By the late 1930s punched-card machine techniques had become so well
established and reliable that Howard Hathaway Aiken, in collaboration with
engineers at IBM, undertook construction of a large automatic digital computer
based on standard IBM electromechanical parts. Aiken's machine, called the
Harvard Mark I, handled 23-digit numbers and could perform all four arithmetic
operations. Also, it had special built-in programs to handle logarithms and
trigonometric functions. The Mark I was controlled from prepunched paper tape.
Output was by card punch and electric typewriter. It was slow, requiring 3 to
5 seconds for a multiplication, but it was fully automatic and could complete
long computations without human intervention (Chposky, 103). The outbreak of
World War II produced a desperate need for computing capability, especially
for the military. New weapons systems were produced which needed trajectory
tables and other essential data. In 1942, John P. Eckert, John W. Mauchley,
and their associates at the University of Pennsylvania decided to build a
high-speed electronic computer to do the job. This machine became known as
ENIAC, for "Electrical Numerical Integrator And Calculator". It could multiply
two numbers at the rate of 300 products per second, by finding the value of
each product from a multiplication table stored in its memory. ENIAC was thus
about 1,000 times faster than the previous generation of computers (Dolotta,
47). ENIAC used 18,000 standard vacuum tubes, occupied 1800 square feet of
floor space, and used about 180,000 watts of electricity. It used punched-card
input and output. The ENIAC was very difficult to program because one had to
essentially re-wire it to perform whatever task he wanted the computer to do.
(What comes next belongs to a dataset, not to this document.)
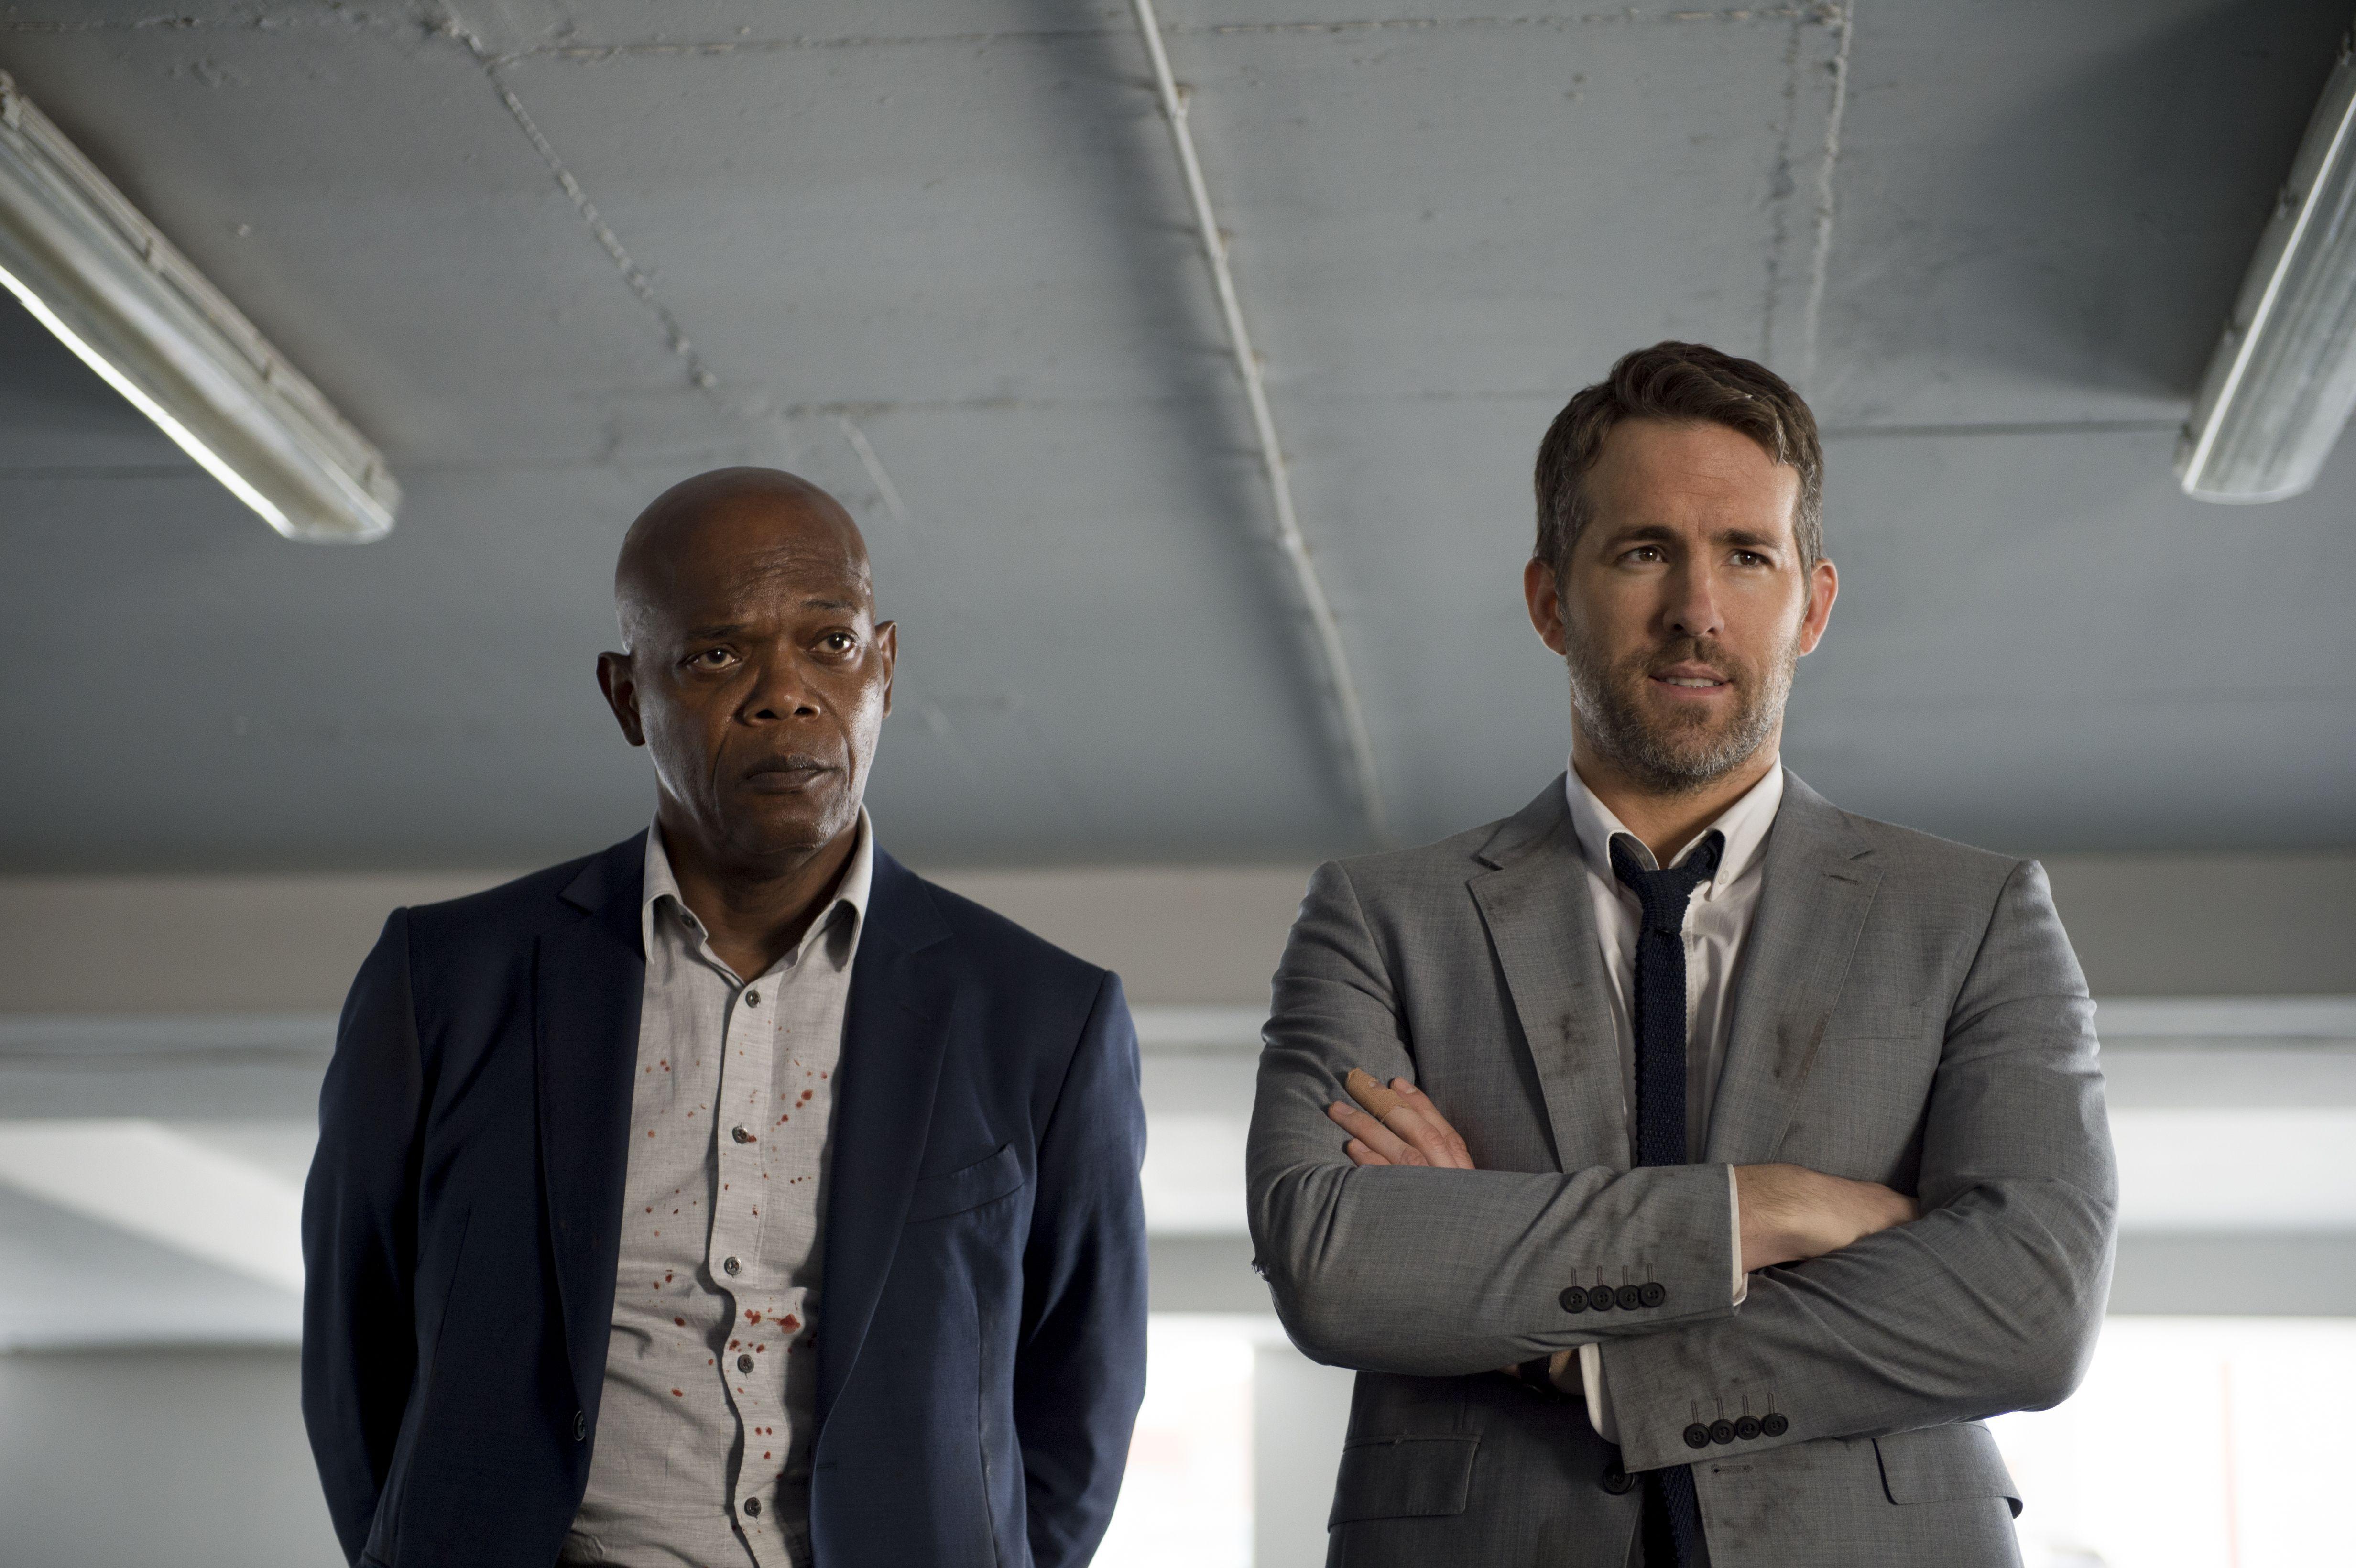 The Hitman's Bodyguard Screening: Win Free Tickets with Q&A

It was, however, efficient in handling the particular programs for which it
had been designed. ENIAC is generally accepted as the first successful
high-speed electronic digital computer and was used in many applications from
1946 to 1955 (Dolotta, 50). Mathematician John von Neumann was very interested
in the ENIAC. In 1945 he undertook a theoretical study of computation that
demonstrated that a computer could have a very simple and yet be able to
execute any kind of computation effectively by means of proper programmed
control without the need for any changes in hardware. Von Neumann came up with
incredible ideas for methods of building and organizing practical, fast
computers. These ideas, which came to be referred to as the stored-program
technique, became fundamental for future generations of high-speed digital
computers and were universally adopted (Hall, 73). The first wave of modern
programmed electronic computers to take advantage of these improvements
appeared in 1947. This group included computers using random access memory
(RAM), which is a memory designed to give almost constant access to any
particular piece of information (Hall, 75). These machines had punched-card or
punched-tape input and output devices and RAMs of 1000-word capacity.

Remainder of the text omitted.